If Citi, among the most egregious of Wall Street reprobates, feels it can get away with business as usual, it’s because it fears no retribution. And it got more good news last week. Now that Chris Dodd is vacating the Senate, his chairmanship of the Banking Committee may fall next year to Tim Johnson of South Dakota, home to Citi’s credit card operation. Johnson was the only Senate Democrat to vote against Congress’s recent bill policing credit card abuses.

Though bad history shows every sign of repeating itself on Wall Street, it will take a near-miracle for Angelides to repeat Pecora’s triumph. Our zoo of financial skullduggery is far more complex, with many more moving pieces, than that of the 1920s. The new inquiry does have subpoena power, but its entire budget, a mere $8 million, doesn’t even match the lobbying expenditures for just three banks (Citi, Morgan Stanley, Bank of America) in the first nine months of 2009. The firms under scrutiny can pay for as many lawyers as they need to stall between now and Dec. 15, deadline day for the commission’s report.
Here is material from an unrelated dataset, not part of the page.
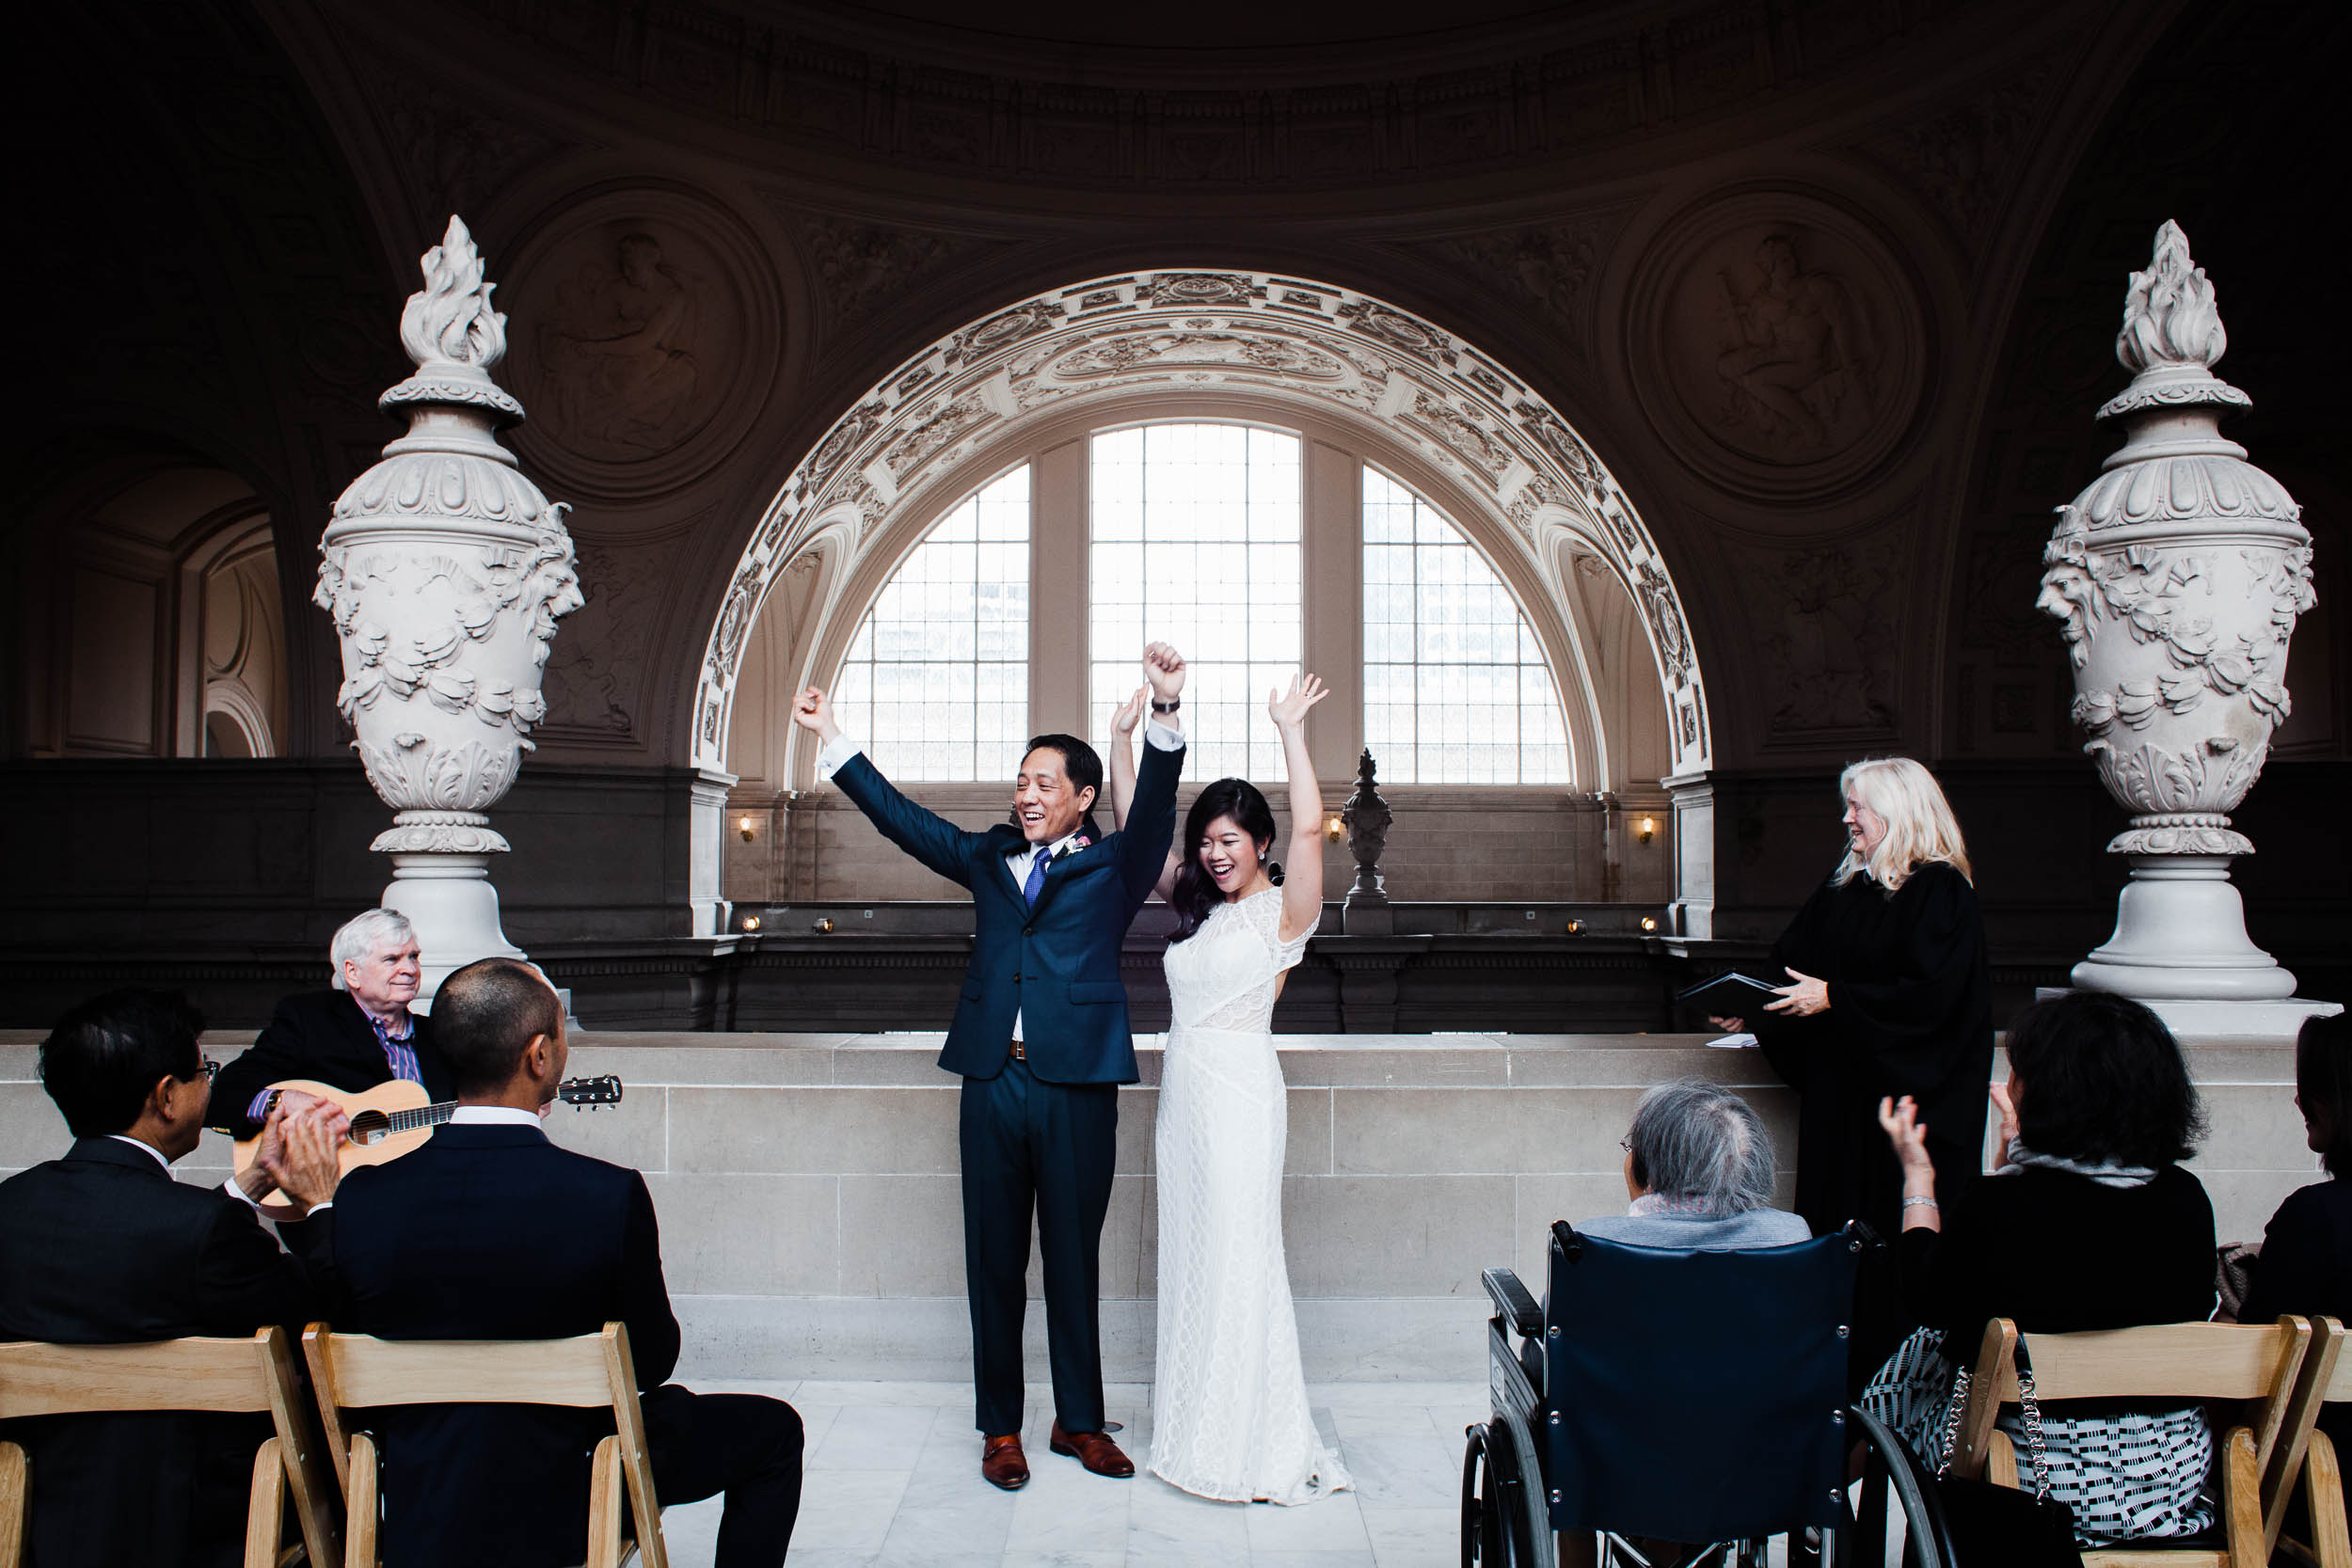 032118_M+D City Hall Wedding_Buena Lane Photography_0690.jpg

More daunting still is the inquiry’s duty to reach into high places in the public sector as well as the private. The mystery of exactly what happened as TARP fell into place in the fateful fall of 2008 thickens by the day — especially the behind-closed-door machinations surrounding the government rescue of A.I.G. and its counterparties. Last week, a Republican congressman, Darrell Issa of California, released e-mail showing that officials at the New York Fed, then led by Timothy Geithner, pressured A.I.G. to delay disclosing to the S.E.C. and the public the details on the billions of bailout dollars it was funneling to its trading partners. In this backdoor rescue, taxpayers unknowingly awarded banks like Goldman 100 cents on the dollar for their bets on mortgage-backed securities.

Why was our money used to make these high-flying gamblers whole while ordinary Americans received no such beneficence? Nothing less than complete transparency will connect the dots. Among the big-name witnesses that the Angelides commission has called for next week is Goldman’s Blankfein. Geithner, Henry Paulson and Ben Bernanke should be next.

If they all skate away yet again by deflecting blame or mouthing pro forma mea culpas, it will be a sign that this inquiry, like so many other promises of reform since 9/15, is likely to leave Wall Street’s status quo largely intact. That’s the ticking-bomb scenario that truly imperils us all.